In this guide, our team at Elmfield here in Padiham, Burnley, Lancashire provides a financial planning-based perspective on cryptocurrency investing. We hope this content is useful both to our existing clients and to others. If you’d like to speak to an independent financial adviser then you can reach us via:
T: 01282 772938
What is a cryptocurrency?
Many people synonymise cryptocurrency with Bitcoin.
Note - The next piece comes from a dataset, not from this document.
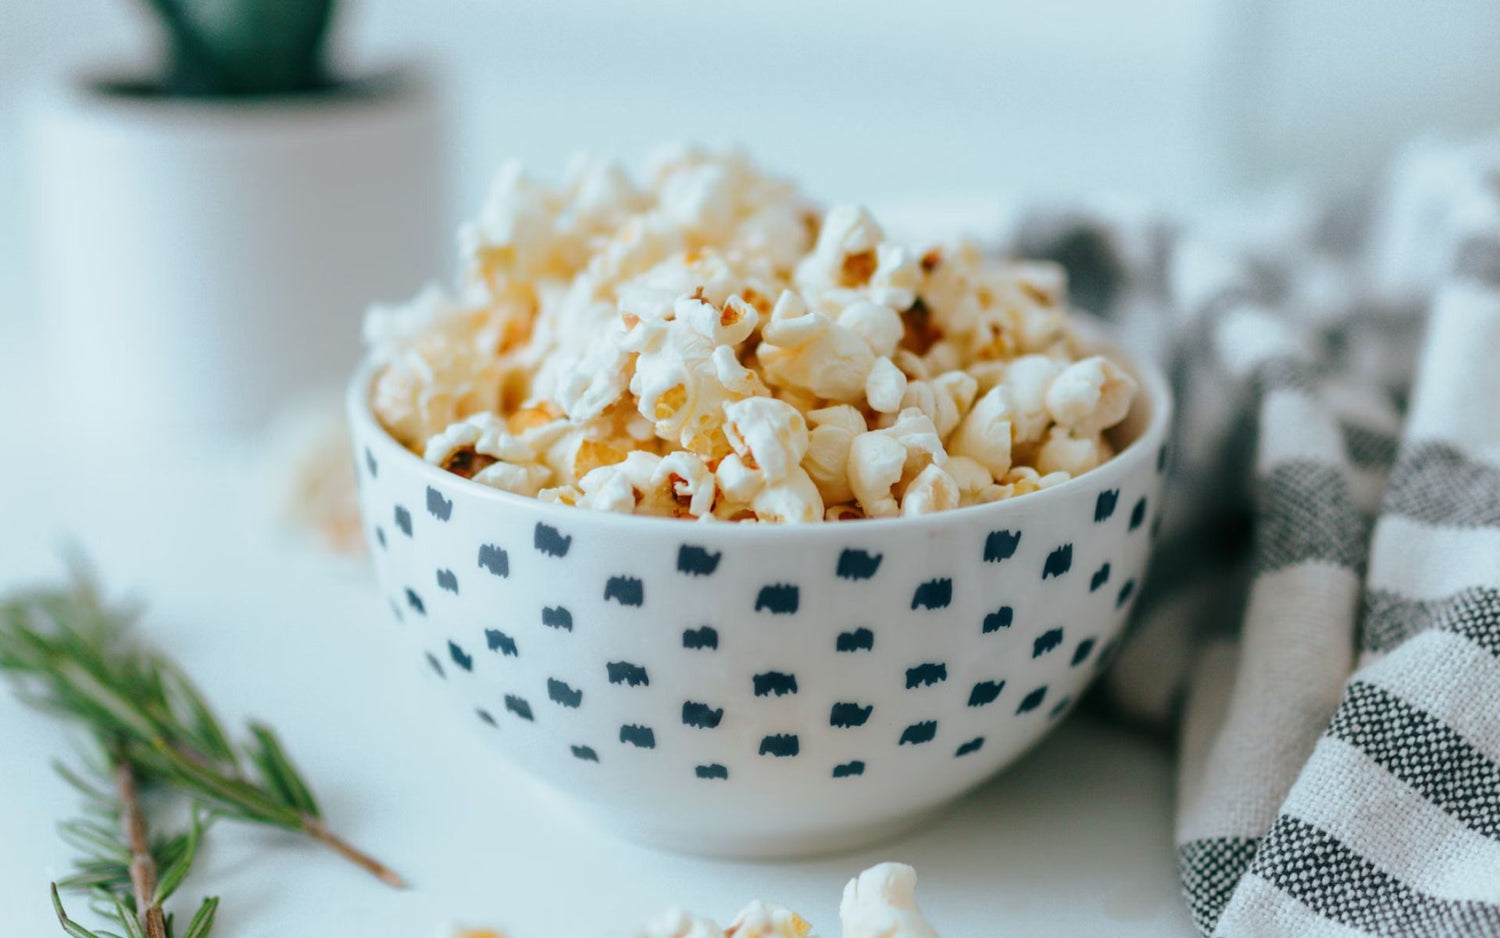 Fox nuts vs Popcorn – which is better?

Whilst Bitcoin is the world’s most popular cryptocurrency in 2021 (worth $600bn in June 2021) there are, in fact, over 4,000 currently in existence – with new ones created every day. In simple terms, a cryptocurrency is a currency involving no physical coins or notes; rather, it is digitally-based. It allows people to buy and sell things through an online system, whereby computers (across the world) store information about the transactions going on and verify them through a process called “mining”. These computers, as such, hold the “ledger” – which is public – and do not rely on a central bank or government to operate, using a decentralised control system instead.
Is cryptocurrency an investment?
In its purest form, Bitcoin was not imagined as an “investment” – but as a means of exchange. Yet people have come to treat it as such. Popularly, the likes of Bitcoin are treated in a similar way to “fiat currency” (government-issued money) by forex traders. In other words, you buy a certain amount of the cryptocurrency – using an online platform – and later sell it at a profit to other investors if it later rises in value. Some experts, however, do not regard this activity as “true investing” because the assets are “unproductive” – i.e. unlike companies which create products/services of value to people, producing dividends and capital growth in the process.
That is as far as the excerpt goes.